=== Exercise directions ===
The listing below holds a line with "Five varied A. E. Warner maker's marks" and a line with "Cosmonauts Andriyan Nikolayev". Reproduce those two lines exactly, plus everything between them.

=== Entries provided ===
* * * * * * * * *

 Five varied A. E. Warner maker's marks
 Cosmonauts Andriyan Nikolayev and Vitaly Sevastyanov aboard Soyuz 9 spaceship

* * * * * * * * *

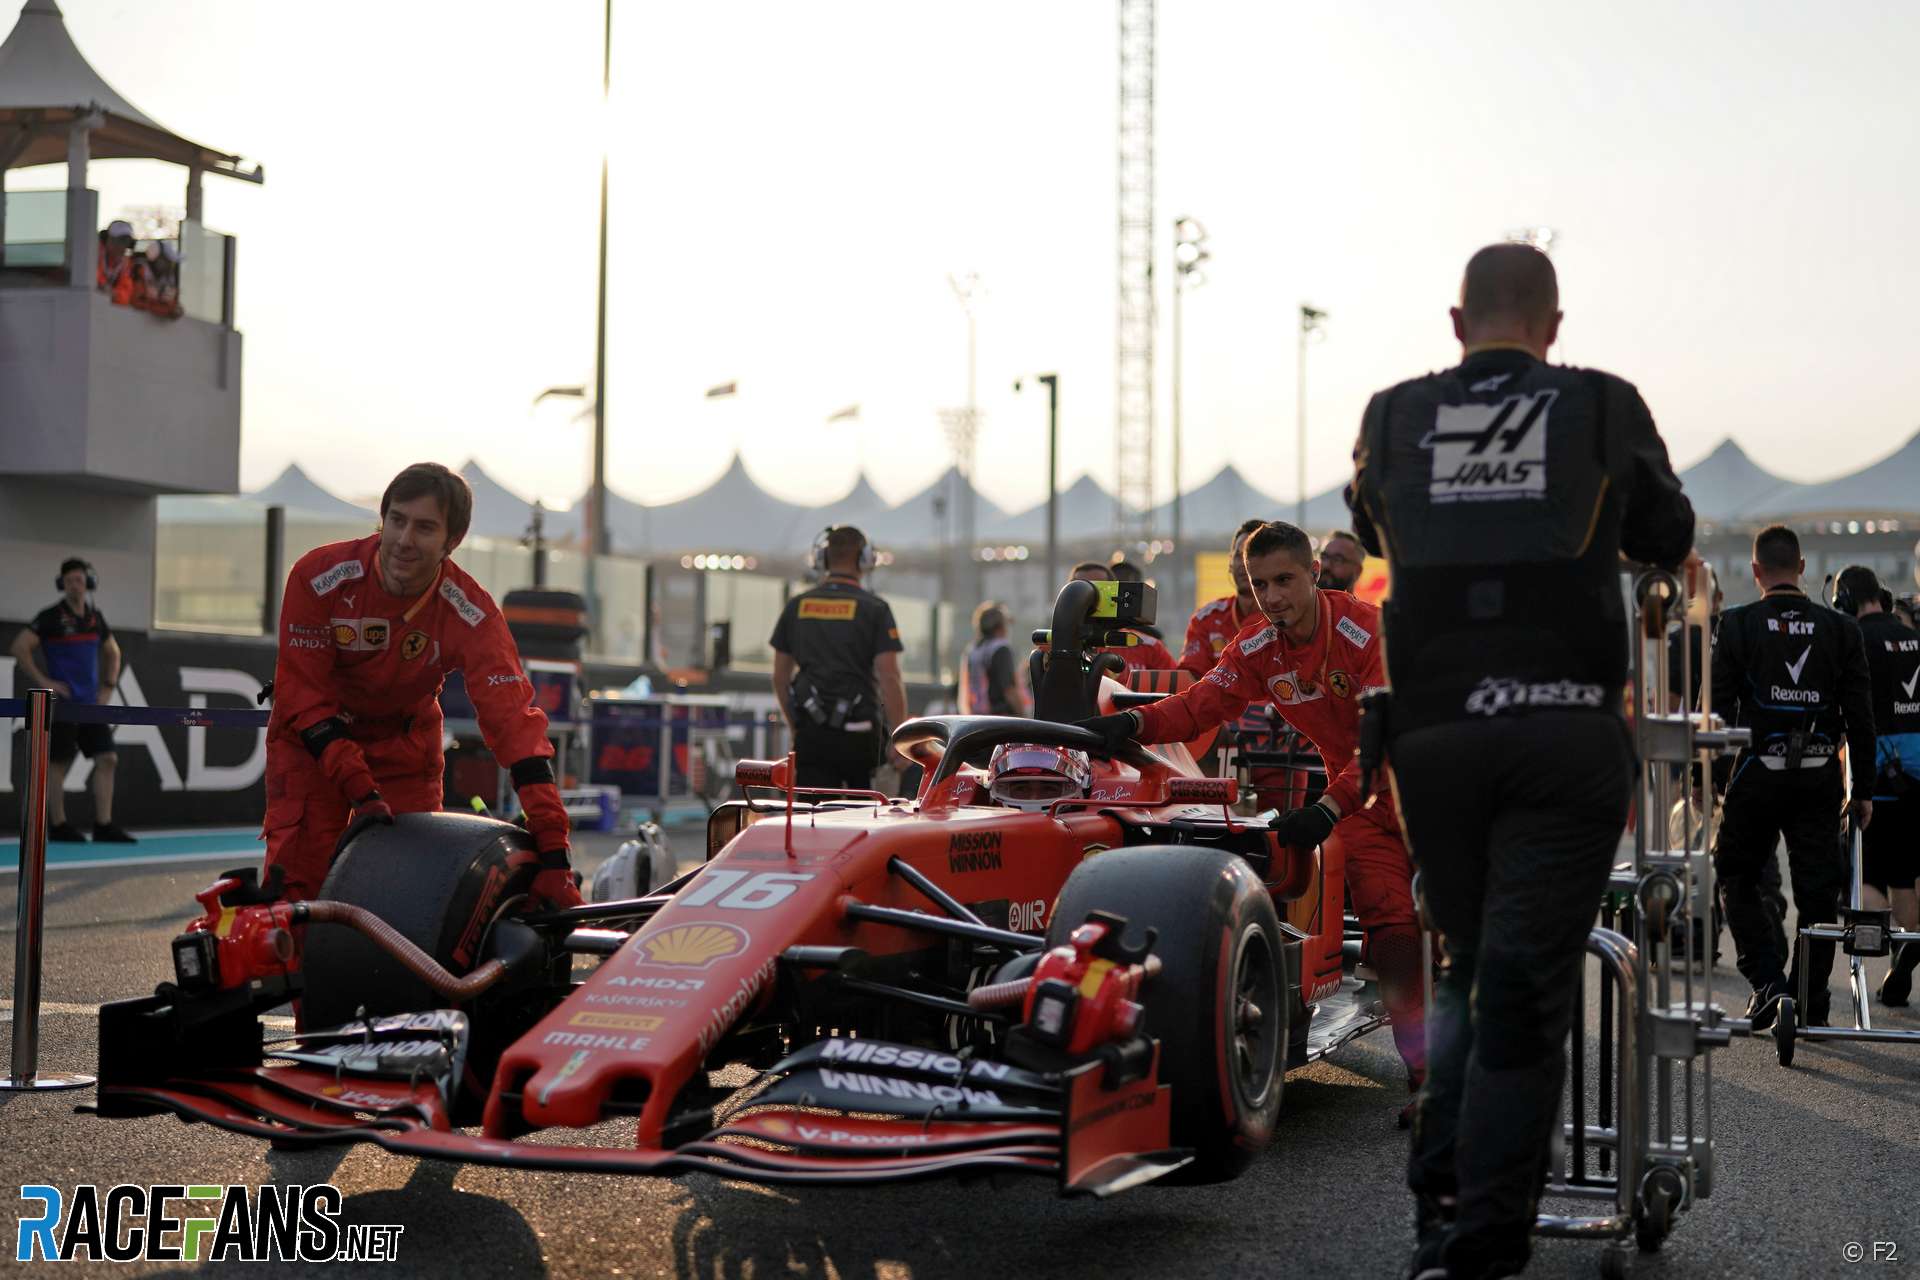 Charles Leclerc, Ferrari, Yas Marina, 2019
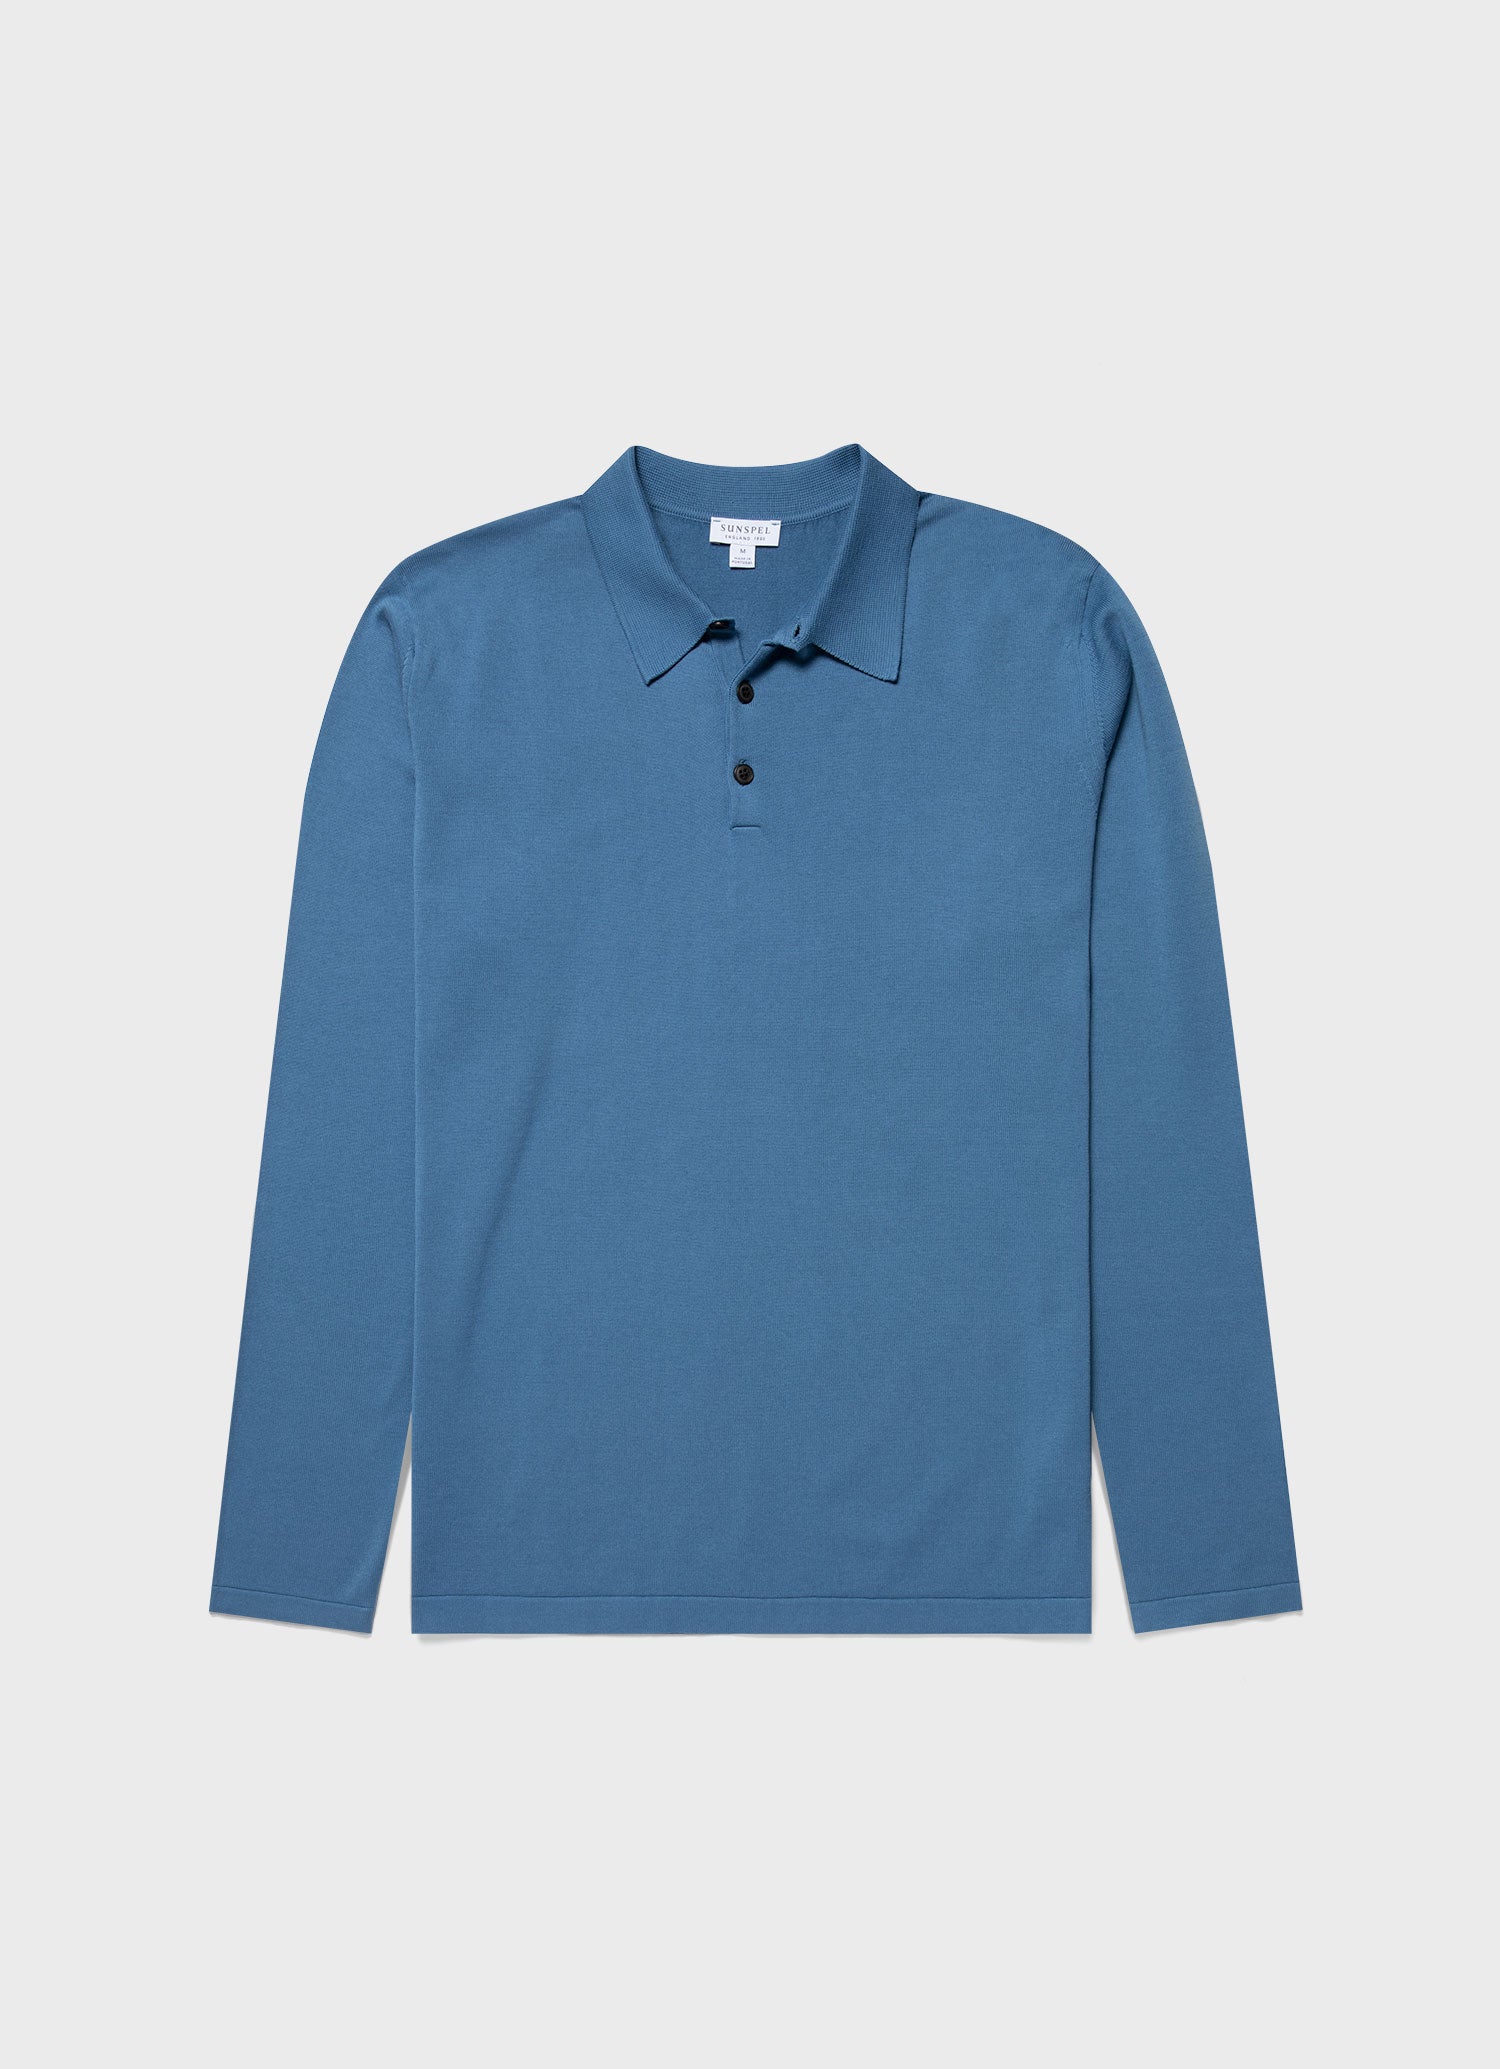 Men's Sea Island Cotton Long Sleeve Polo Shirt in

* * * * * * * * *

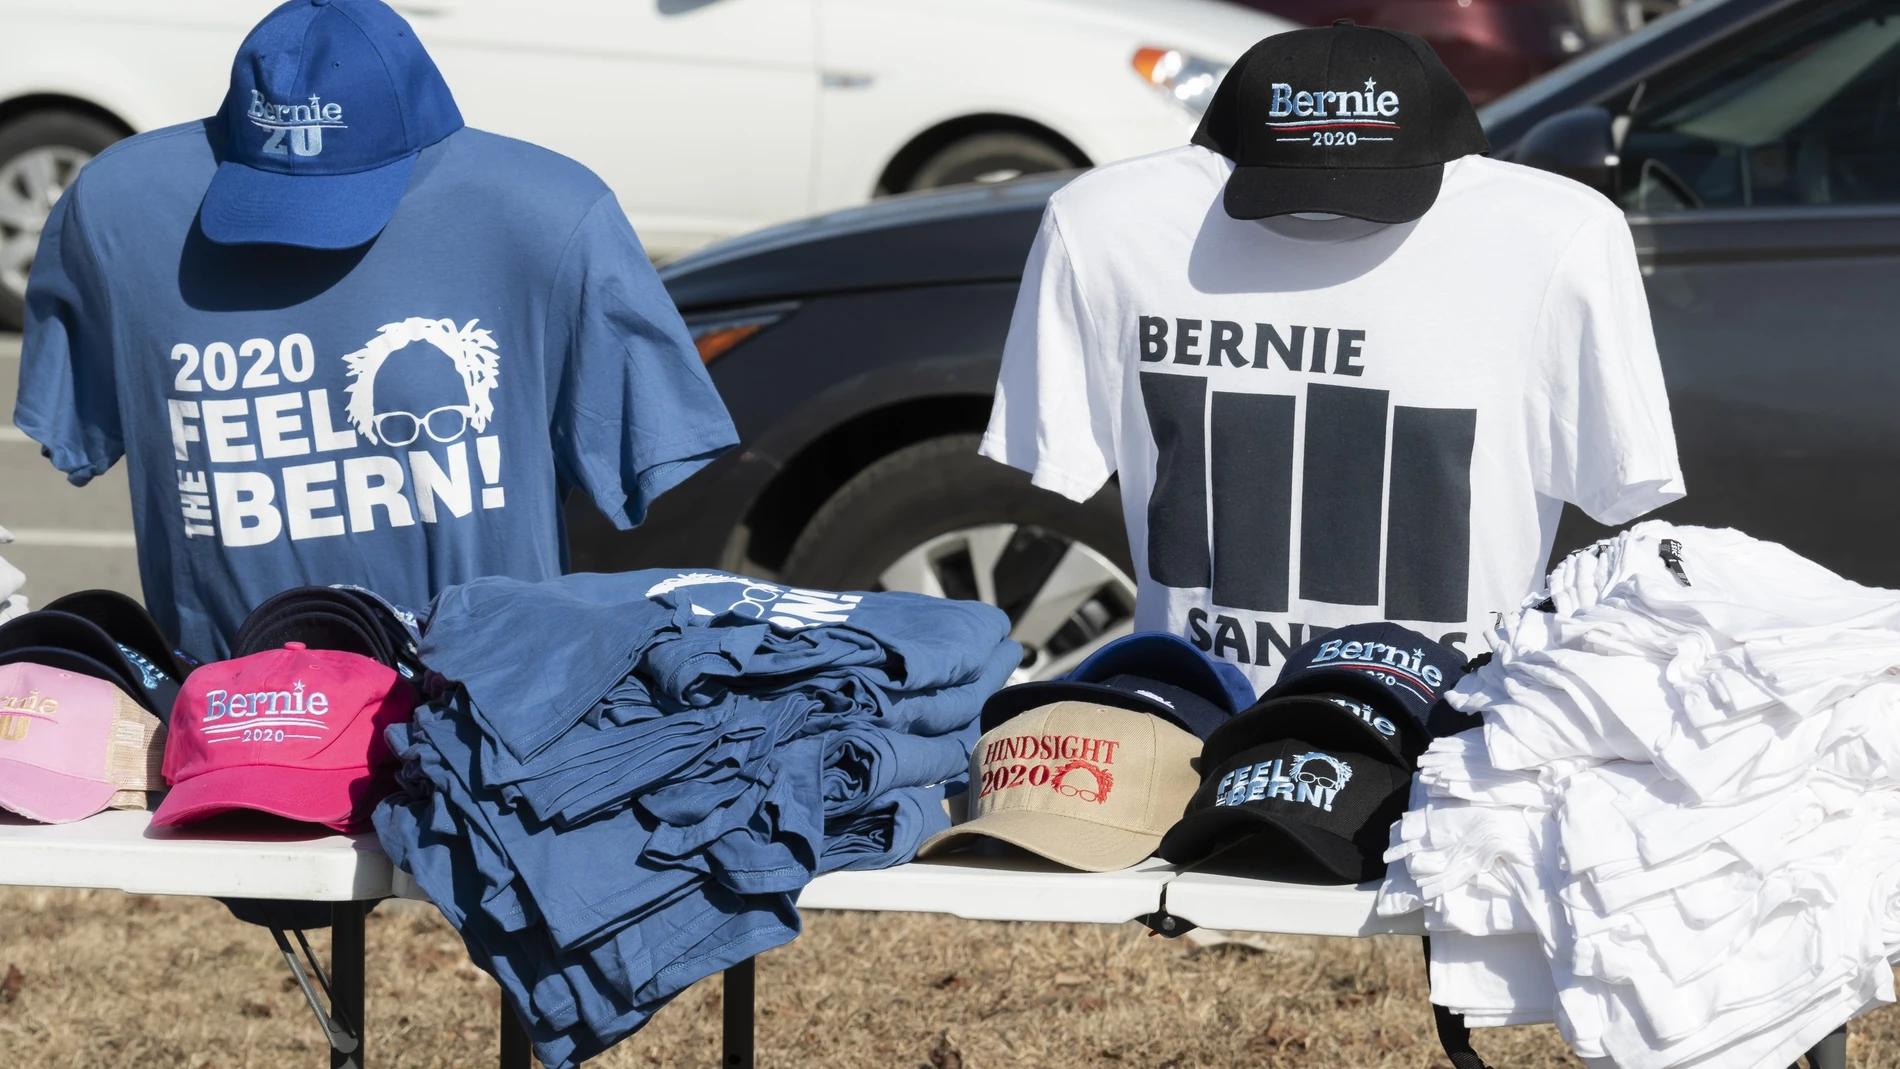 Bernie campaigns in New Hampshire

* * * * * * * * *

=== The completed task ===
 Five varied A. E. Warner maker's marks
 Cosmonauts Andriyan Nikolayev and Vitaly Sevastyanov aboard Soyuz 9 spaceship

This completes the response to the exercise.